- Problem to work on
The whole listing should be retyped word for word, apart from the pictures it holds.

Segment Start: Raw data

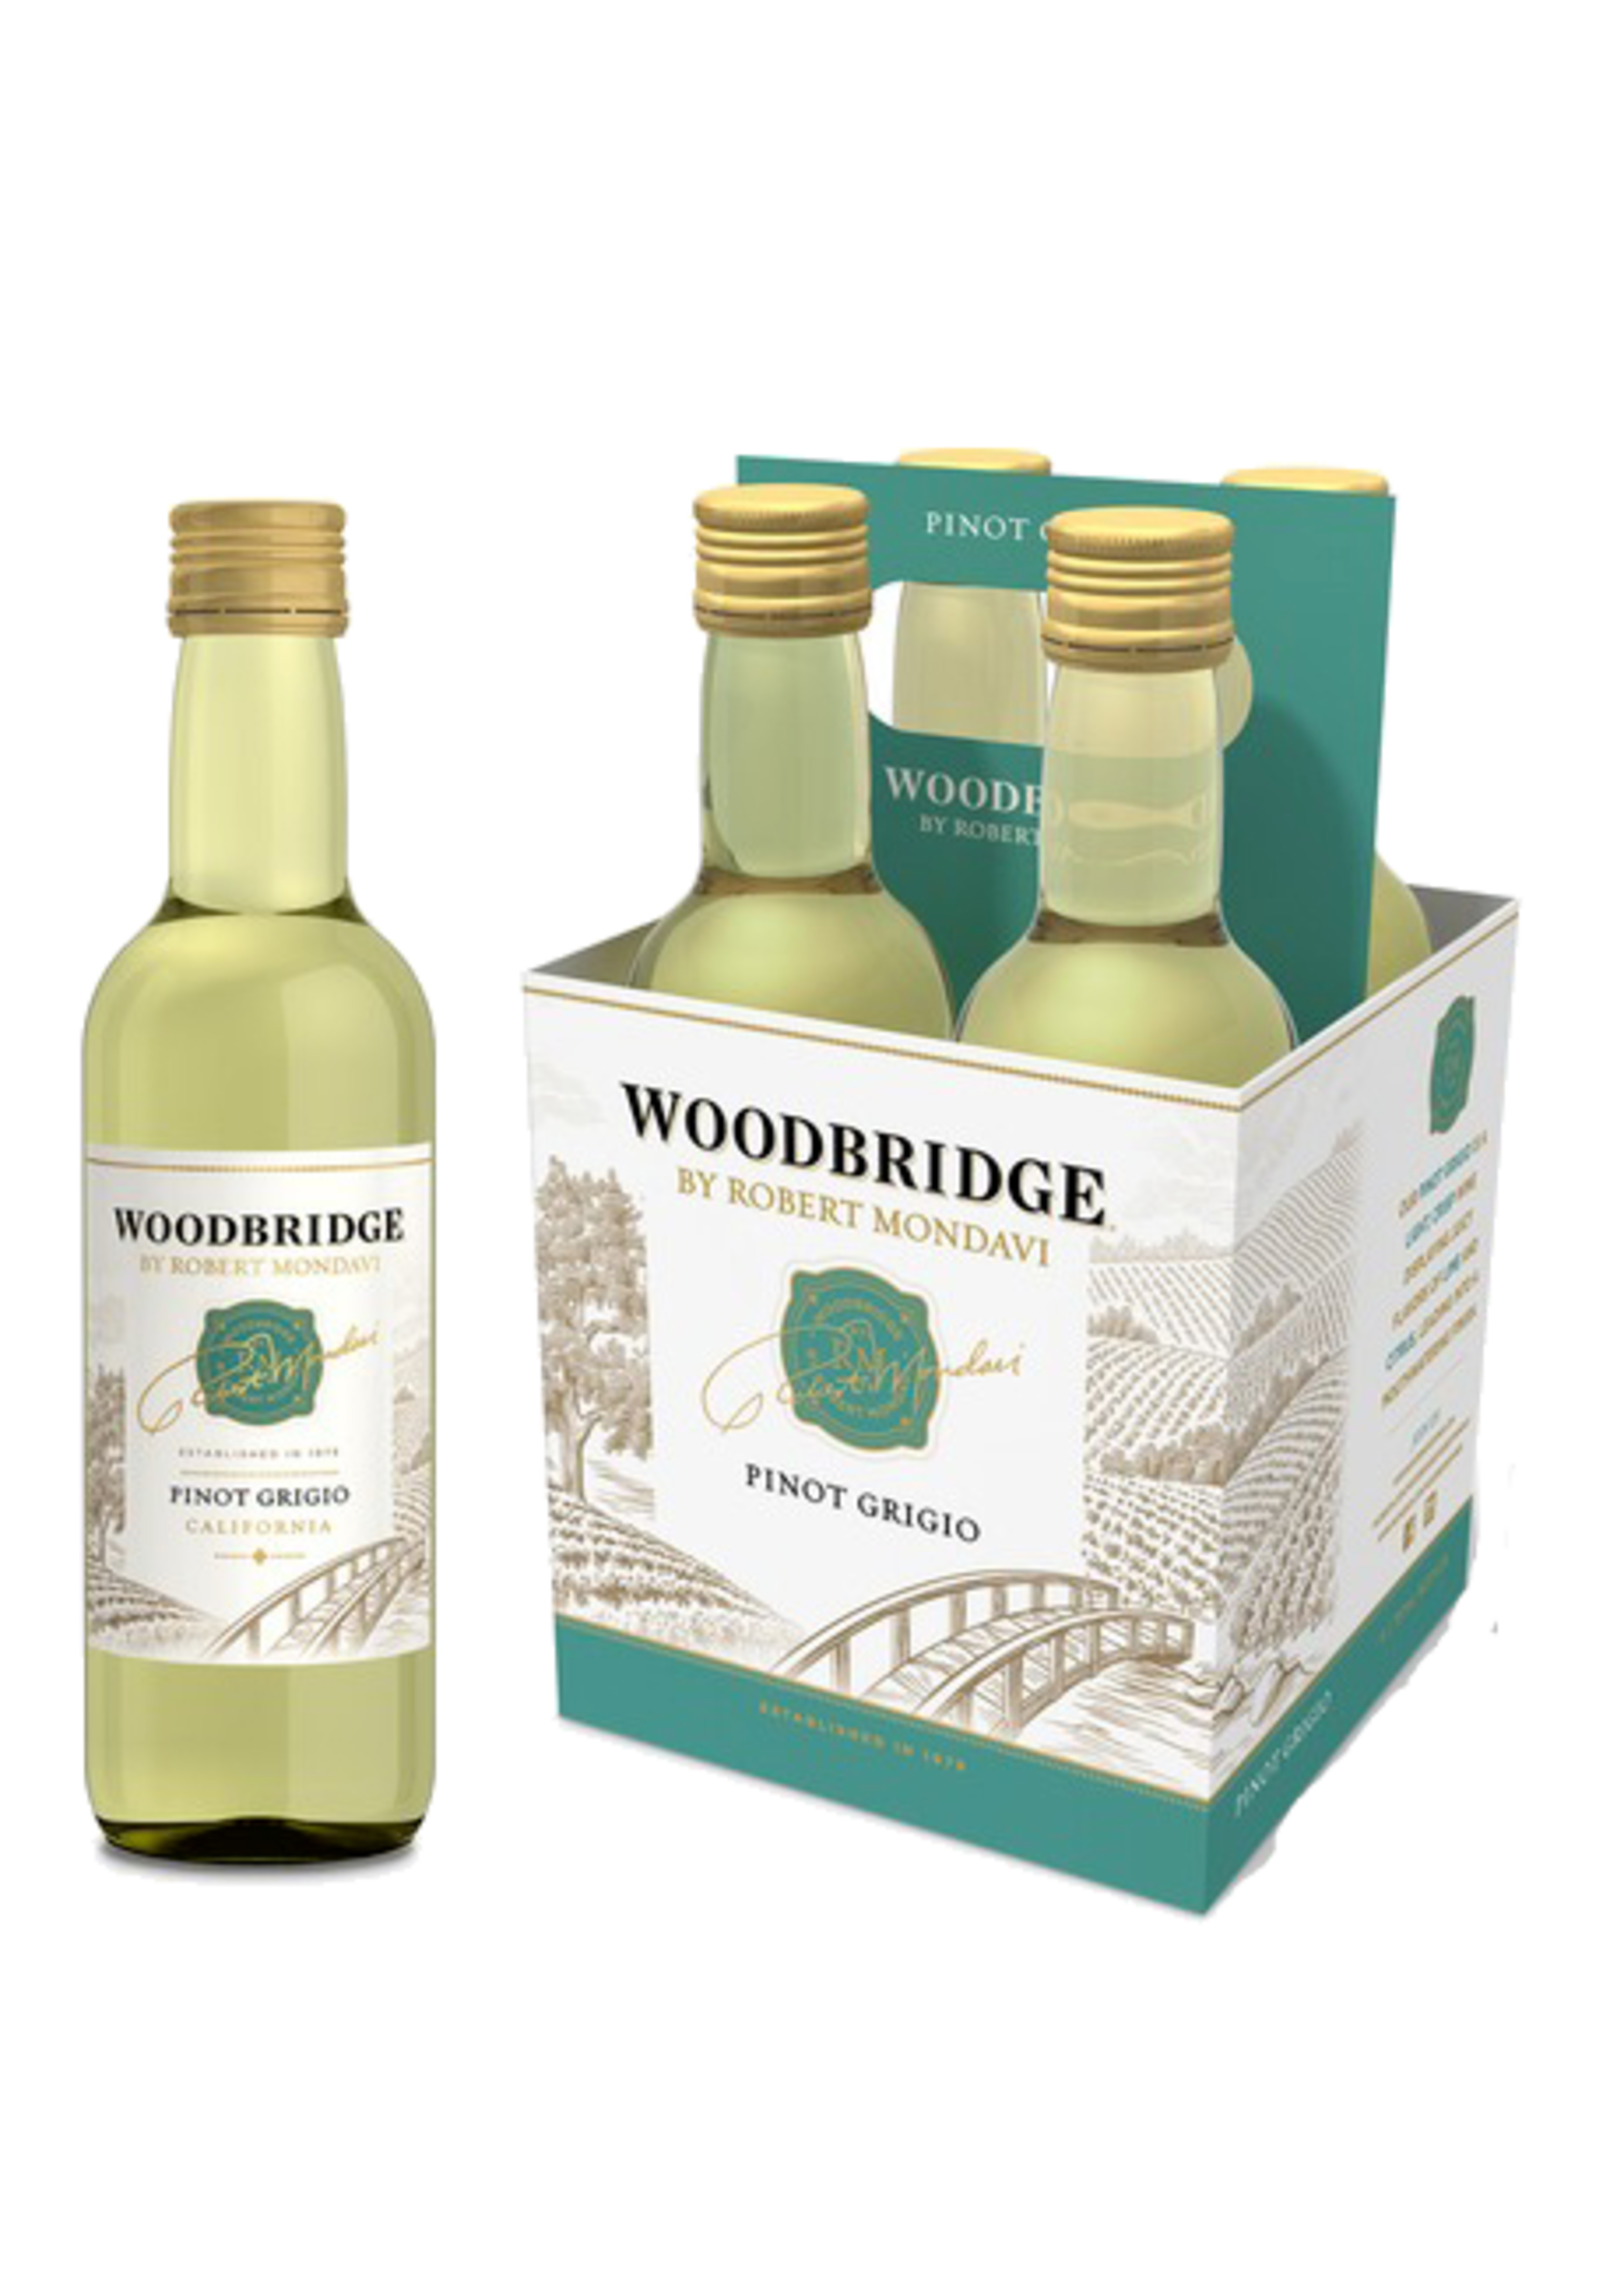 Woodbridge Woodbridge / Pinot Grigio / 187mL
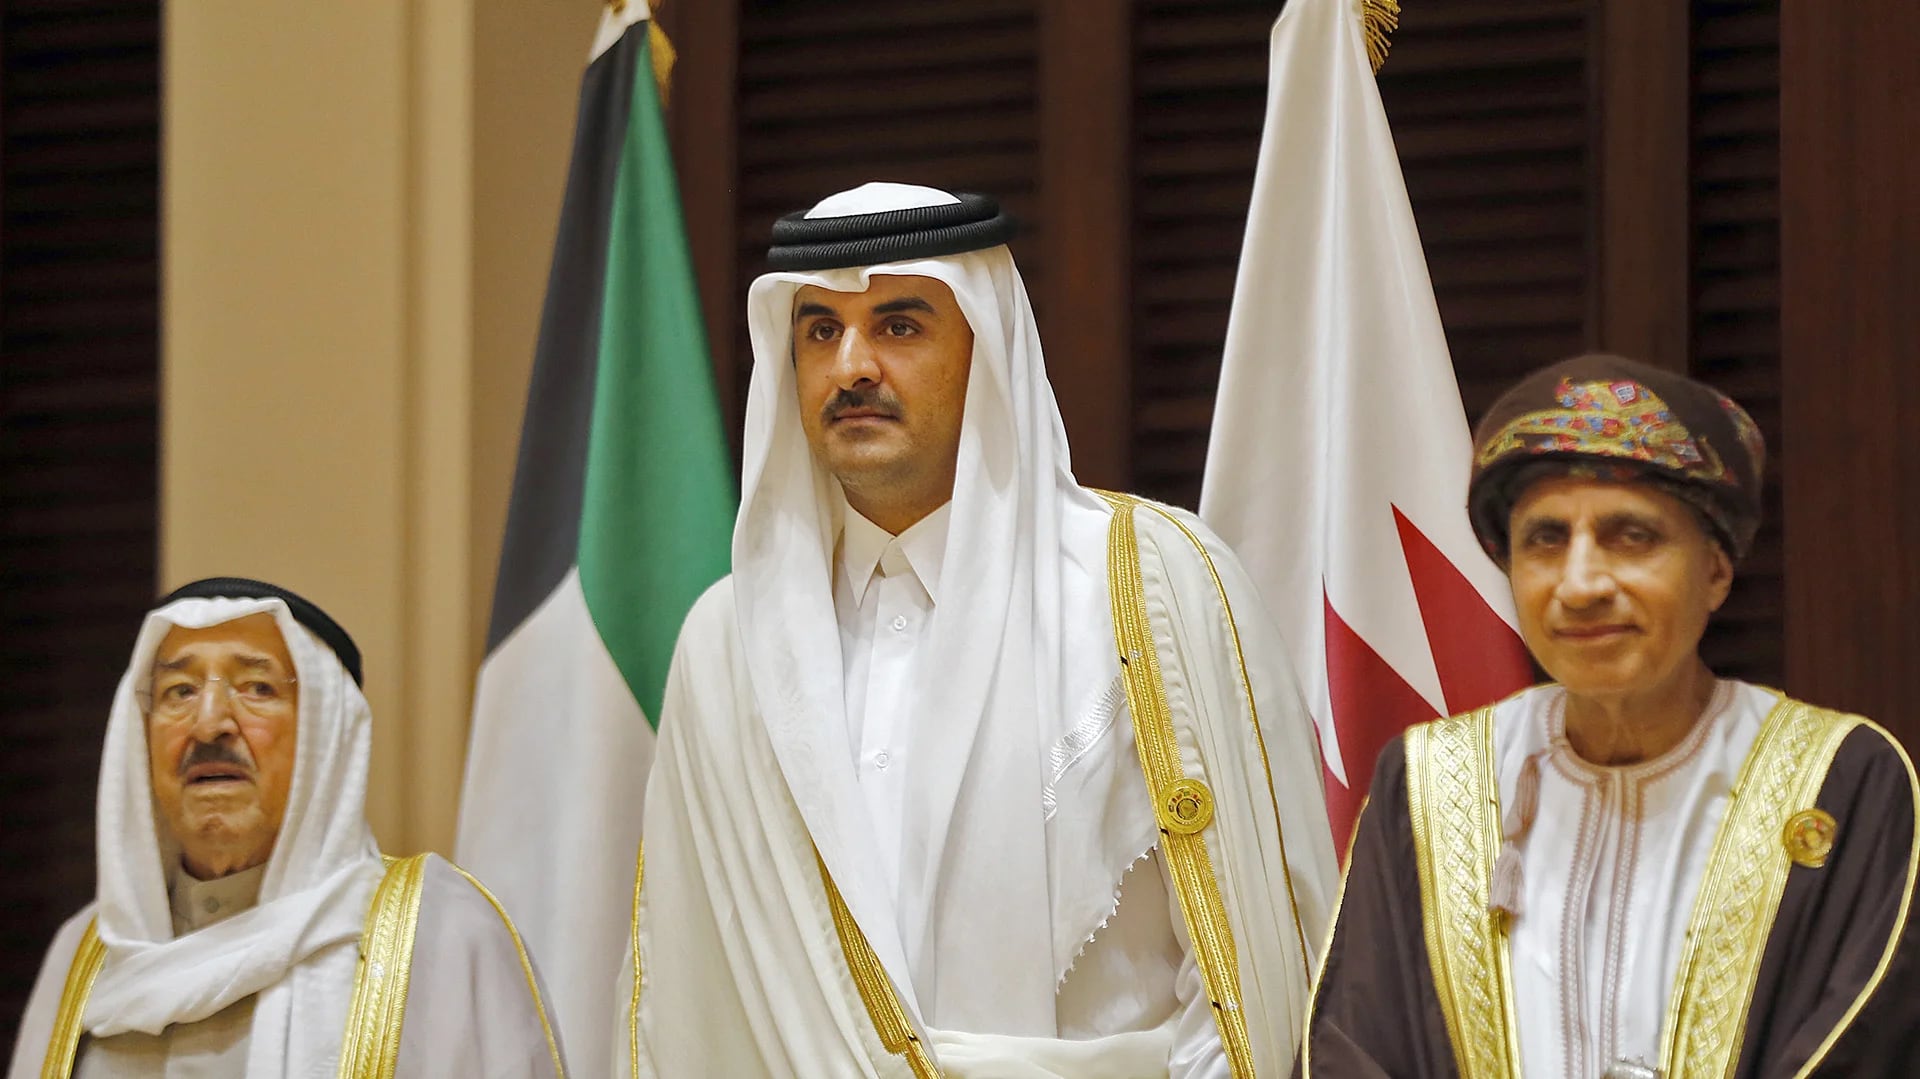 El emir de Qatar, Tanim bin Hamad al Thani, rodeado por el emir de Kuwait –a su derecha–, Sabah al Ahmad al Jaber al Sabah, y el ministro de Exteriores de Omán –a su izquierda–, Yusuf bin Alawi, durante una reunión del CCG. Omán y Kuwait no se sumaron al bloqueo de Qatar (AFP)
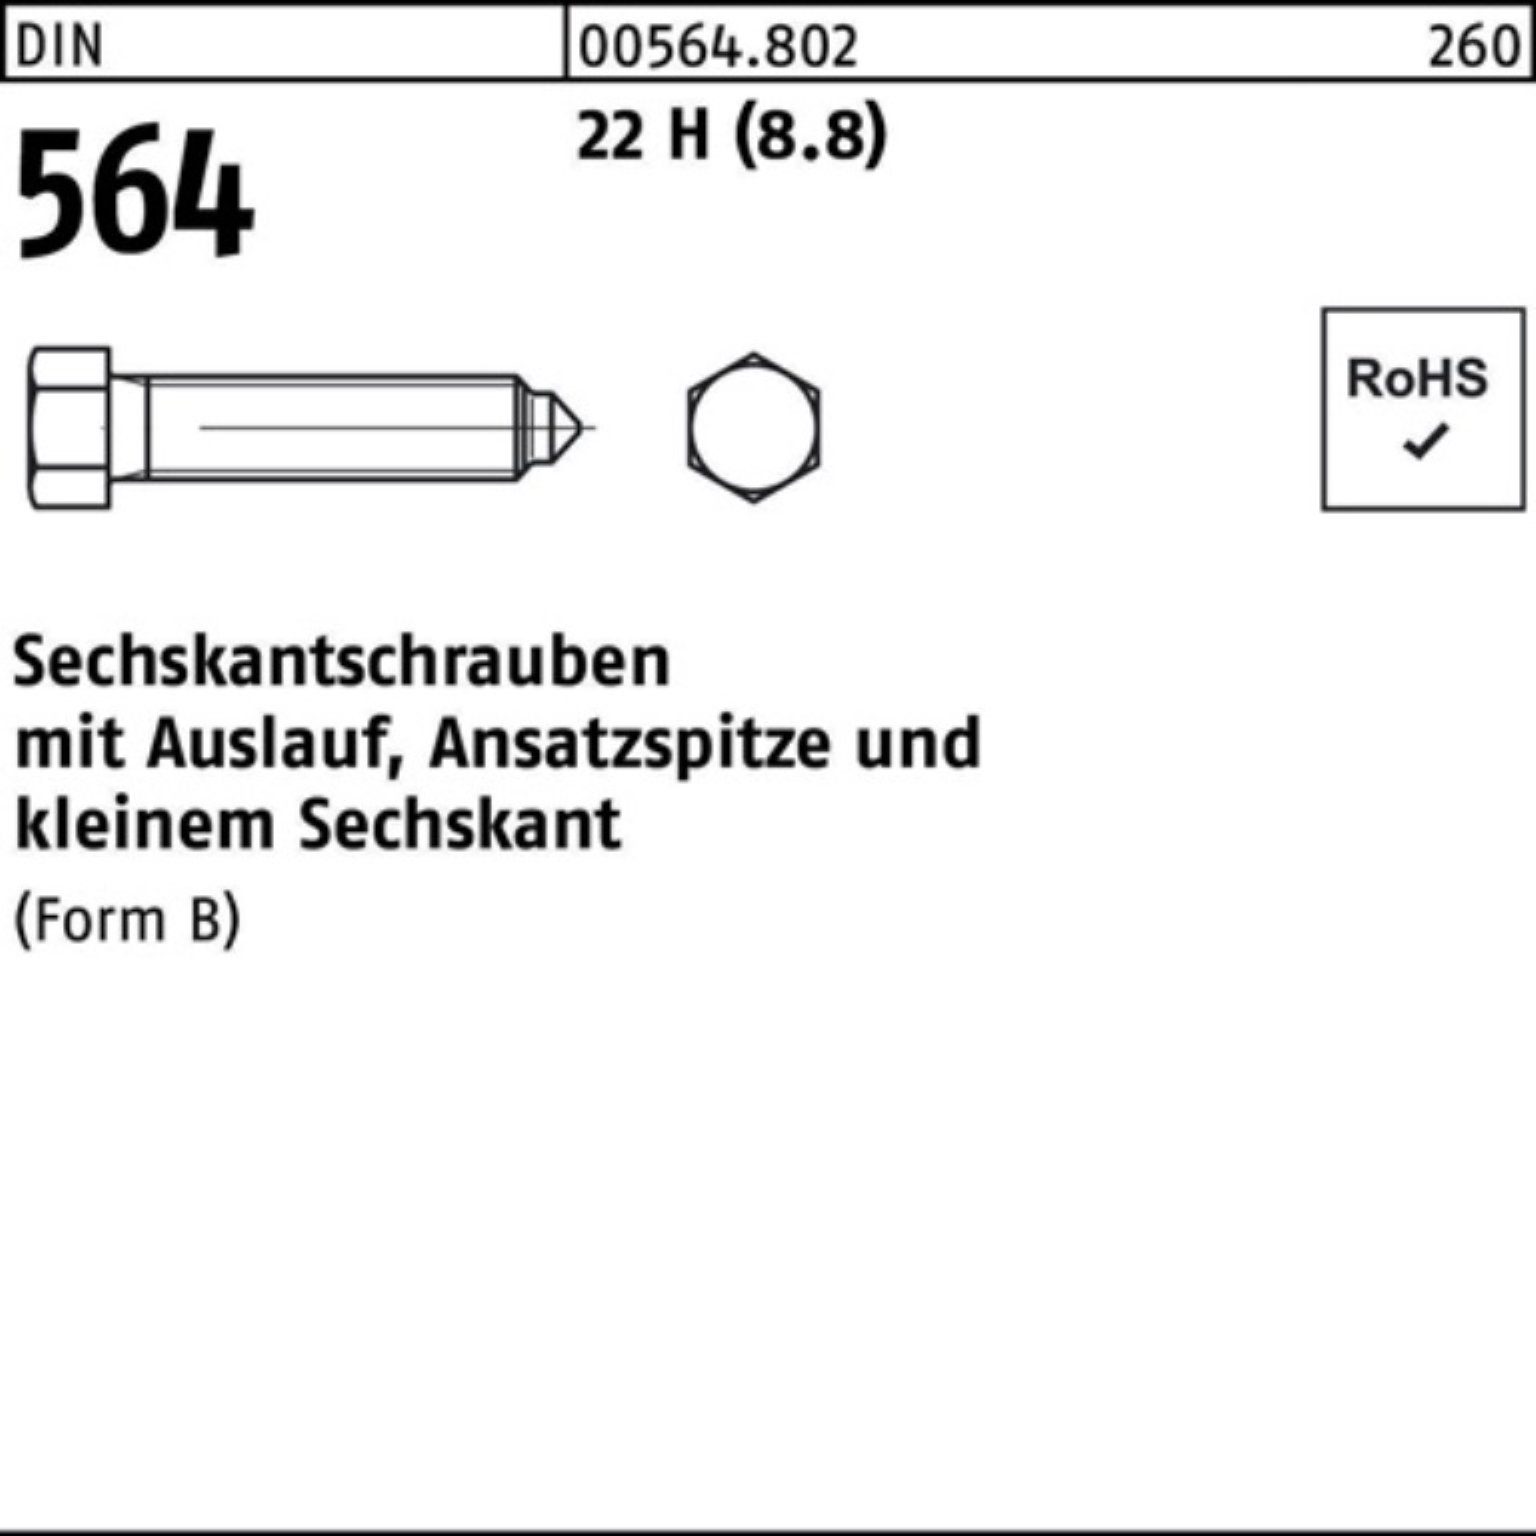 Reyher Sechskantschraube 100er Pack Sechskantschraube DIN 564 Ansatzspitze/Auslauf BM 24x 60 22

Segment End: Raw data

- Exercise answer
 Woodbridge Woodbridge / Pinot Grigio / 187mL
 El emir de Qatar, Tanim bin Hamad al Thani, rodeado por el emir de Kuwait –a su derecha–, Sabah al Ahmad al Jaber al Sabah, y el ministro de Exteriores de Omán –a su izquierda–, Yusuf bin Alawi, durante una reunión del CCG. Omán y Kuwait no se sumaron al bloqueo de Qatar (AFP)
 Reyher Sechskantschraube 100er Pack Sechskantschraube DIN 564 Ansatzspitze/Auslauf BM 24x 60 22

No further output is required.